Hi every body.
i have few questions about area border router.
My cisco book says an area border router is a router that connects to two different areas.
The other book says an area border router is the router that connects area 0 to other area say area 2.
The 2nd defination makes sense as as the area boder is responsible for inter areas communication. And inter area communication must use area 0 .
Just having one router to connect two different non zero areas does not serve any purpose as there will no commuincation possible between them.
My second question is about back bone router.
My book says a back bone is router with atleast one interface connected to area 0.
The other book says a back bone router is the router with all interfaces connected to area 0.
So i am confused.
Thanks a lot a have a good day.
One of the most important aspects of an ABR is that it generates summary advertisements (LSA type 3) to one area for prefixes that are in the other area.
Clearly in Cisco's implementation of OSPF it is a requirement that one of the areas be area 0 for the router to generate the summary LSAs. If you configure a router so that it has interfaces in 2 areas (perhaps area 1 and area 2) but no interface in area 0 then you will find that it has the entries for all routes in both areas in its routing table (and in its link state data base) but that it does not generate the type 3 summary LSAs. So in John's experiment R1 has all entries for area 1 and 2 (and 0 which it learned from R2) but it does not generate summary LSAs for area 1 and R0 would have only entries for area 2.
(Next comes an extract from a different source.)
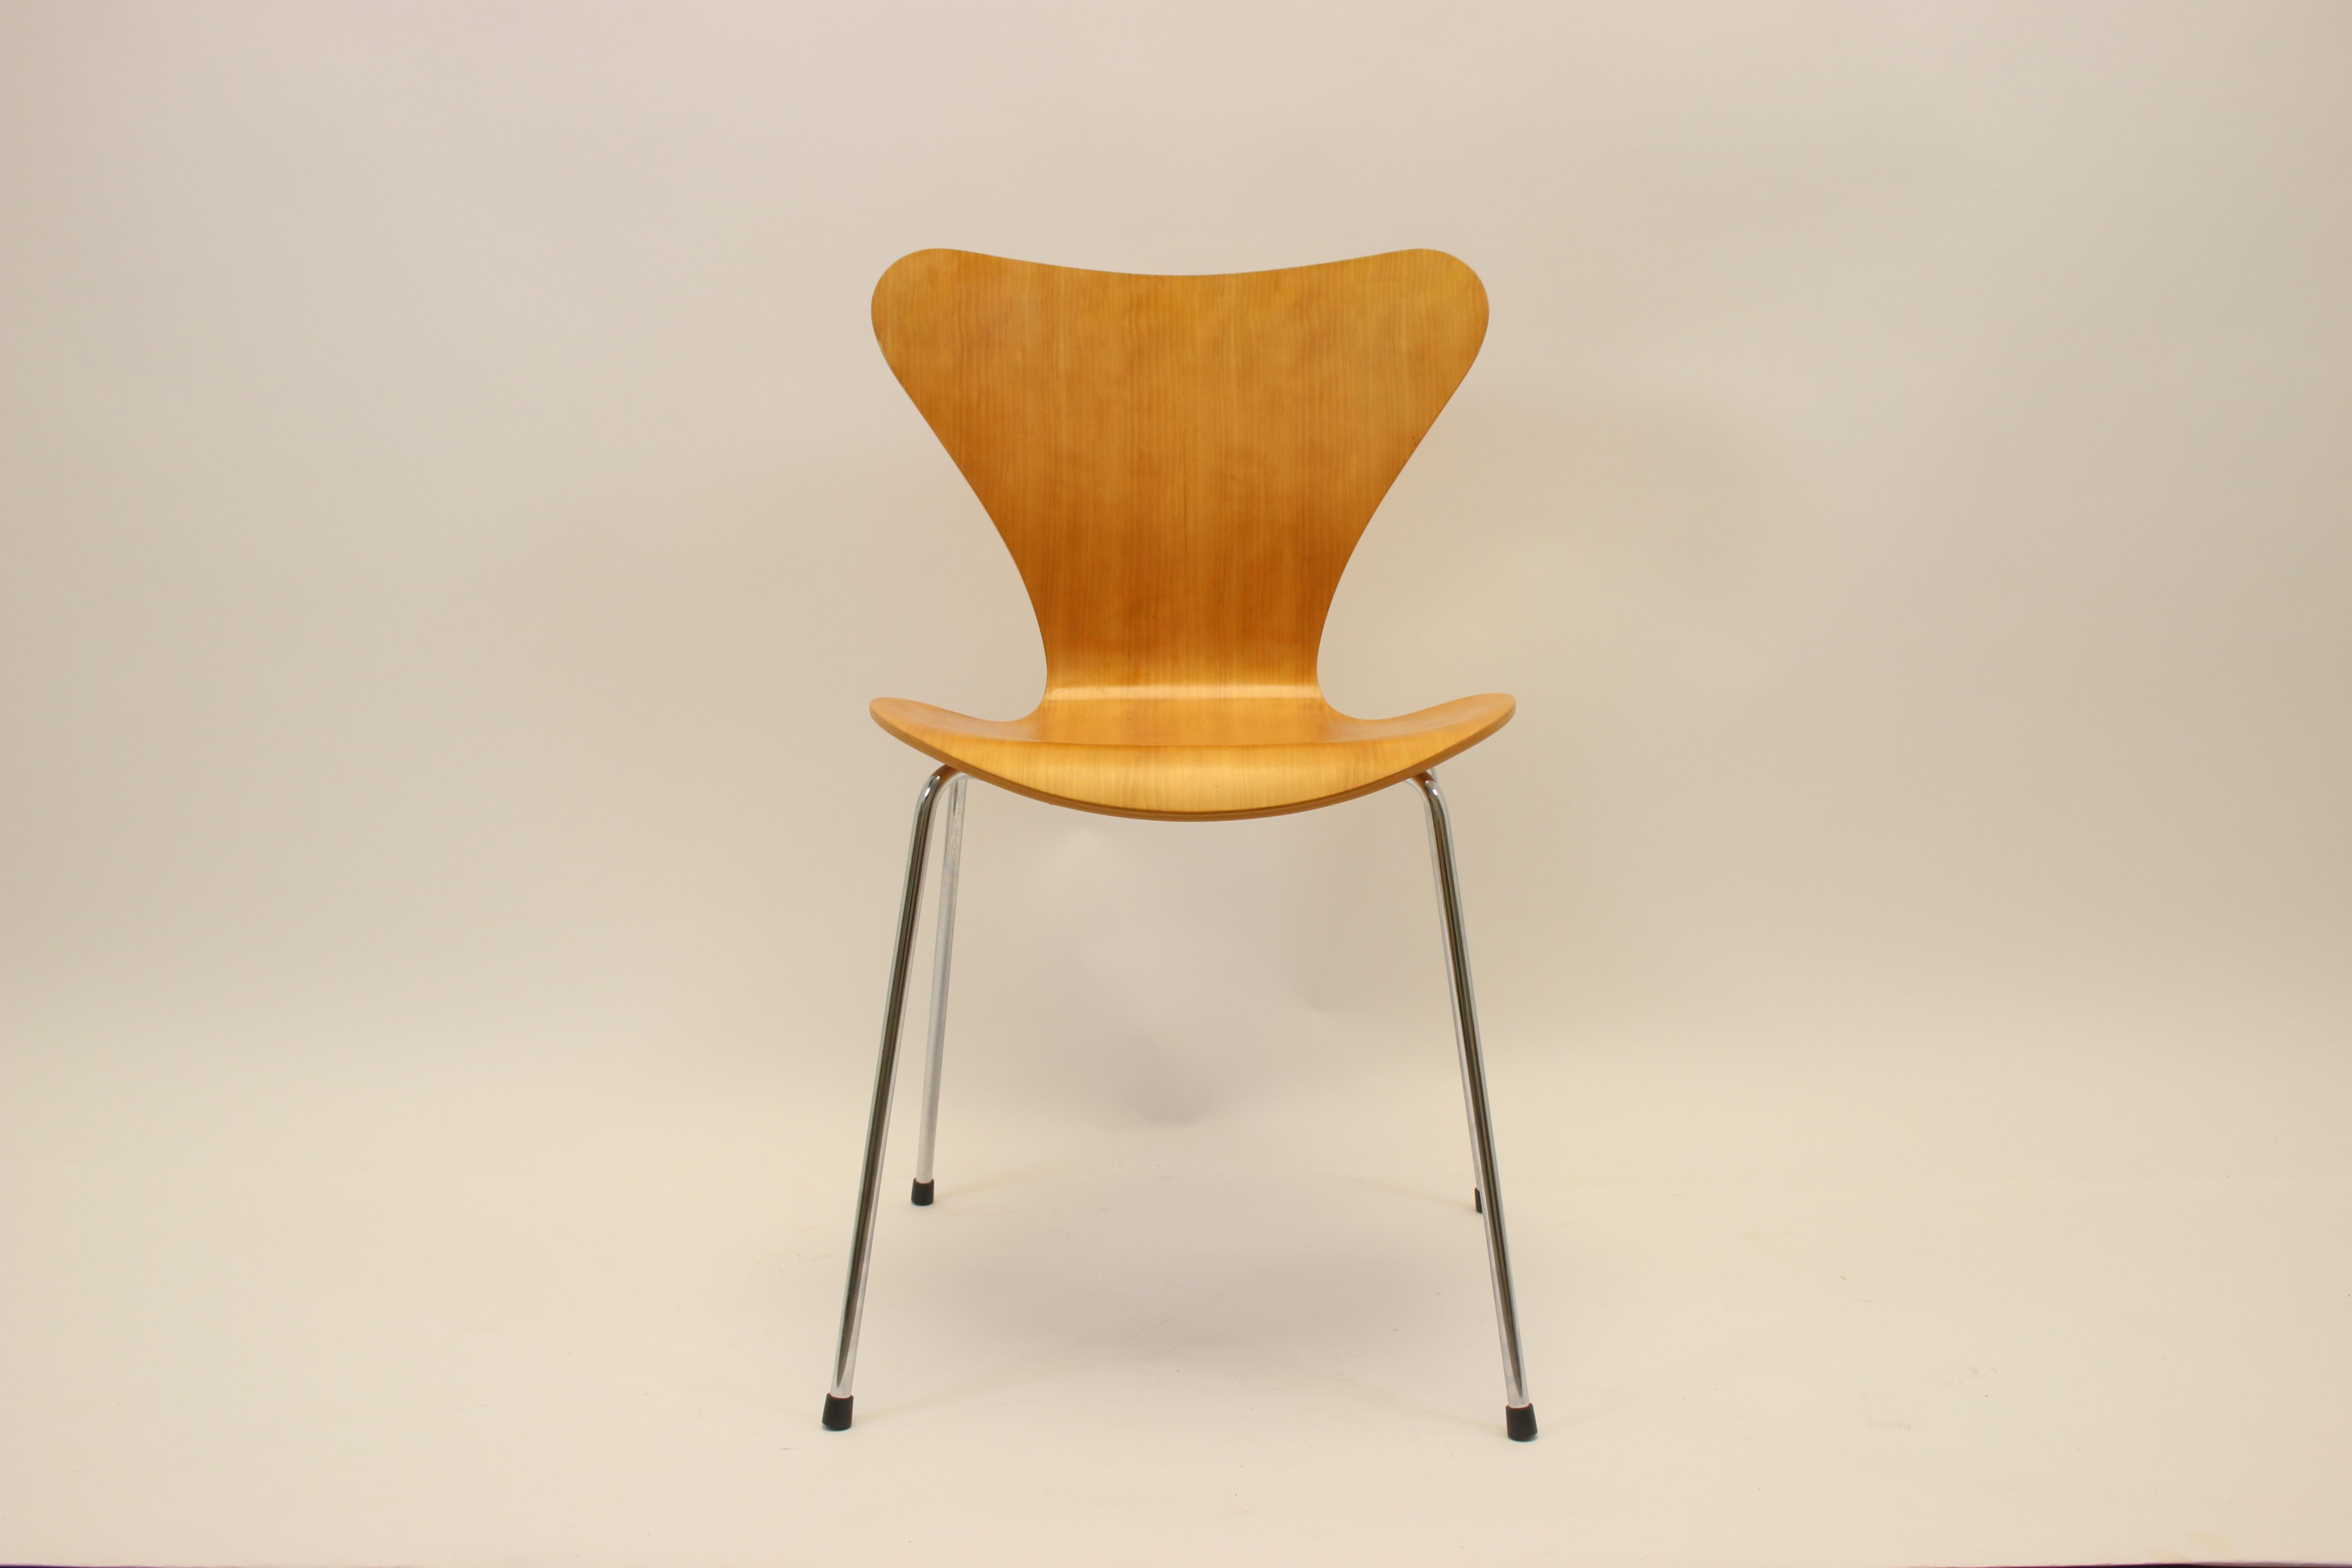 Le fauteuil papillon 3107 est une création d'Arne Jacobsen de 1953, également appelée

Just to add what everyone else said, I did this in GNS3:
R0 -> R1 -> R2
R2 had interfaces in area 0 and 1
R1 had interfaces in area 1 and 2
R0 had interfaces in area 2
R1 wasn't identified as an ABR, so it doesn't seem like it's a matter of having an interface in two different areas, but in fact the ABR does seem like it needs to have an interface in area 0 (backbone) in order to be an ABR.
Just to add to Jerry's post.
As Jerry said a backbone router must have at least one interface in Area 0 although a backbone router can actually have all it's interfaces in area 0.
So by definition an ABR is also a backbone router because they must both have at least one interface in area 0.
This is the definition from the CCIE Routing and Switching Exam Quick Reference Sheets by Anthony Sequeira:
ABR - Connect one or more areas to the backbone; act as gateway for interarea traffic; seperate link-state database for each connected area.
Backbone Routers - At least one interface in the backbone area.